Joined: Tue Jun 24, 2008 8:38 pm
Posts: 2317
Location: Fukuoka, Japan
Hi everyone,

since we will need to find a solution requiring the hosting of nesdev before August, we should think about what to do about the current contents.

The current version of phpbb is 2.0 with some custom upgrades (I think) and maybe it time to upgrade to 3.0. I remember that it was said that it would be difficult to move the content to 3.0 so maybe we should find a way to archive to older version.

Do people thing we should put an effort to convert the current site to some static version? There exist some script to do so but since the site was modified in some way, it may not work "as-is" and may require some custom code to do it.

Another solution would be to keep the phpbb 2.0 in a locked state while we start a new forum on 3.0. But I think a static html version would be the most lightway solution.

What do people think? what would be the best solution?


Top
 Profile  
 
 Post subject:
PostPosted: Sat Apr 21, 2012 8:41 pm 
Offline
User avatar

Joined: Fri Nov 19, 2004 7:35 pm
Posts: 4222
The best way to preserve the old board would be to summarize it and wikify it, but that is a momumental undertaking to do.

In the mean time, HTML dumps suck.
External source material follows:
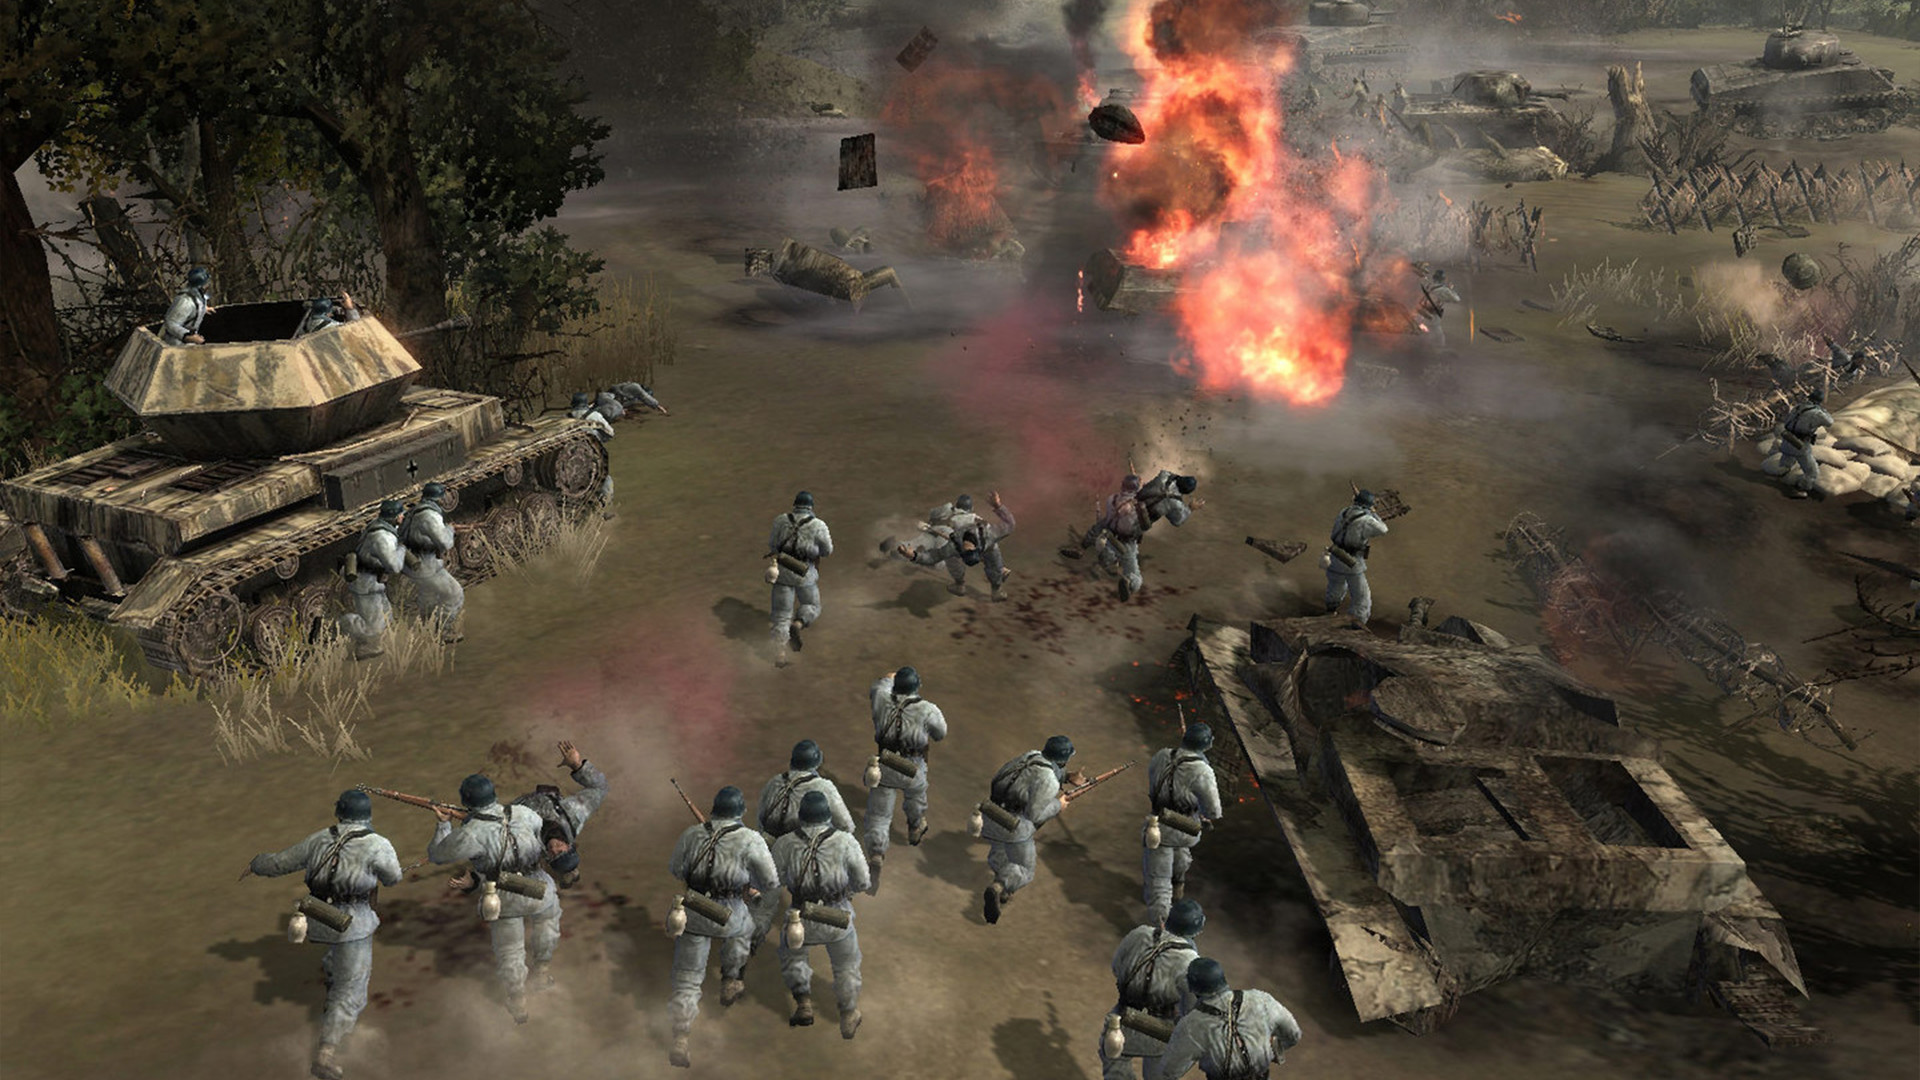 Best mobile war games: Company of Heroes. Image shows a group of soldiers rushing into no-man

I've seen ugly HTML dumps of wikis, and you end up with a ton of HTML files, many of which duplicate other files, and the whole thing ends up using tons of disk space due to cluster size padding.
I'd rather see plain text post contents, so you can reconstruct the board from those.

_________________
Here come the fortune cookies! Here come the fortune cookies! They're wearing paper hats!


Top
 Profile  
 
 Post subject:
PostPosted: Sat Apr 21, 2012 9:34 pm 
Offline

Joined: Mon Sep 27, 2004 2:57 pm
Posts: 1272
Welp, a good place to start would be here, taking this information and adding it to the wiki. This is the sprite oam bug and the Young Indiana Jones quirk, both of which I still don't 100% understand (and apparently neither does anyone else).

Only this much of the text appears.